Neon White Review – Holy Hell

In 2021, while Interview with creator Ben Esposito about Neon White coming out after that, he told me he’s not trying to make a game that appeals to everyone. He wanted Neon White to attract “really specific people.”

In other words, as Esposito said in one of the game’s trailers, it’s a game for “freaks.”

I guess that makes me weird. Because Neon White is my favorite game that I’ve been playing all year – with big profits.

You take on the role of Neon White; a dead assassin dragged from the Underworld to compete with the gods. Demons swarm Heaven, so the Powers are tasked with White and a bunch of damn cleaning up the mess. The banished soul with the best score – and fastest – will win the chance to spend eternity in Heaven. They do this by running as fast as they can through the various districts of the Pear Gate, blowing away demons with a variety of heavenly guns.

With rare exceptions, playing through any individual Neon White level takes less than a minute. From the jump, it emphasizes that you play as fast as you can all the time. It also emphasizes the level of playback for better and better times. Running and jumping feels great; they are flexible, fast and make a floating impression throughout a level.

But it’s the guns where Neon White shines. You pick up guns through cards located in a level, each with two functions. The first is simply shooting. The second option, however, is the discard option, giving White a short platform advantage. Disposing of pistols gives a double jump, shotguns shoot you in the direction you are facing, rifles fire straight ahead, SMGs injure you towards the ground and rocket launchers give you a grappling shot.

Levels require mastery of all these options; You have to run, shoot, jump and use loot at the right time to get to the finish line and kill every demon in a level. I love to try and retry levels until I finally get the right combination of moves, and then I love, even more, trying to get my time down to a point “Ace”. My heart often sits tight in my throat as I cross the finish line, and few things feel better than literally skipping my time by a mere tenth of a second.

From a mechanical foundation, Neon White was designed with the idea of ​​speed in mind. More than that, it seems to be designed around Videos on YouTube of the game break the game speed, fly through the levels with high precision like a well-equipped ballerina. Especially in the second half of it, you will feel as cool as those videos.

Fly over enemies, shoot as you launch rockets above them, plunge down to earth to slide over narrow ledges, grapple your way back into the stratosphere, then use explosions to unleash pulses around the finish line. Do it all in seconds without mistakes, feeling as easy as if you’ve been practicing for years, not just 15 to 20 minutes; that’s the basis of Neon White, not just the high level game. It’s remarkable with such precise and complex gameplay to feel so effortless, but Neon White managed to do it every turn. It’s one of the most fun games I’ve played in years.

In fact, I can’t stop playing it.

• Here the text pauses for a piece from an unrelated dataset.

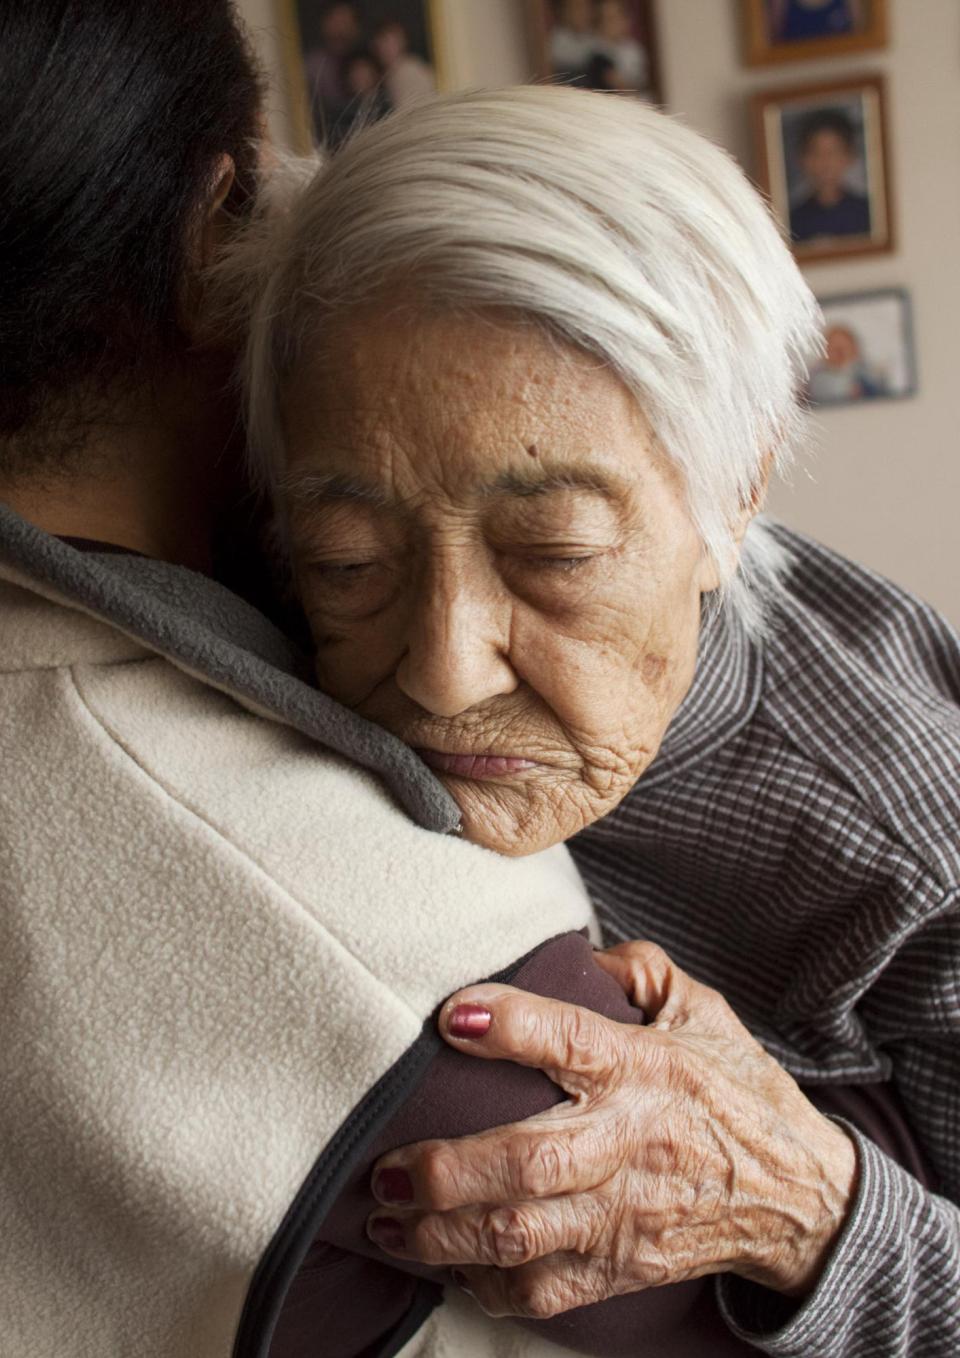 A still from the New Day film The Caretaker + The Mayor. An elderly woman with white hair hugs a person who is facing away from the camera. Her eyes are closed and her expression is vulnerable as she holds the person close. Behind them is a wall full of framed photos of a young child.

Almost 30 hours on, I don’t plan to stop until I’ve reached ace in every level. Luckily, the level design is top-notch and, save for two or three exceptions, rarely gets annoying. I’m still flying in the game, beating all my previous ones and loving almost every second. I don’t even care about the global rankings, personally first, because I don’t think I’ve ever cared much about rankings in any other game.

I even loved Neon White’s stupid but charming story – the story of White trying to figure out why he and his team of fellow assassins died. It worked for me more than I expected. Since the story is told through visual novels, I felt compelled to explore each character’s backstory, giving them gifts to unlock new dialogues and side quests. In my moments of weakness, I even burst out laughing at obnoxious lines like when Neon Violet said Neon White was a nice guy, “The kind that would make girls spit with their mouths!”

It also helps to alleviate the itchiness caused by Neon White cosmetically. It’s reminiscent of Japanese action games that don’t really exist anymore, like Killer7 and El Shaddai: Ascension of the Metatron. It’s reminiscent of anime like Trigun and Cowboy Bebop and the music of now defunct bands like Drop Dead, Gorgeous and The Blood Brothers. Its heavenly yet non-violent aesthetic is sleek, striking, and full of attitude. Like the t-shirt part of a Hot Topic and the anime walkway of a Suncoast Video collide. You can imagine videos playing through the 480p Neon White channel set to “The show must go on” or “Love rhymes with hideous car bodies. “You can imagine seeing kids in bright Neon White shirts at a Taste of Chaos tour day. Hell, Steven Blum even voiced White!

If any of that makes sense to you, you’re the “really specific” that Esposito made this game with. If the above reads like another language, you might still like Neon White, but you’re not the main demographic.

Neon White achieves everything it claims to with considerable success. Not only is it one of the most enjoyable experiences I’ve played in years, but it speaks to very specific audiences that many no longer have. It’s for eccentrics, strays, and dorks. Neon White is one of the best games of the year, and it would be a huge mistake not to check it out.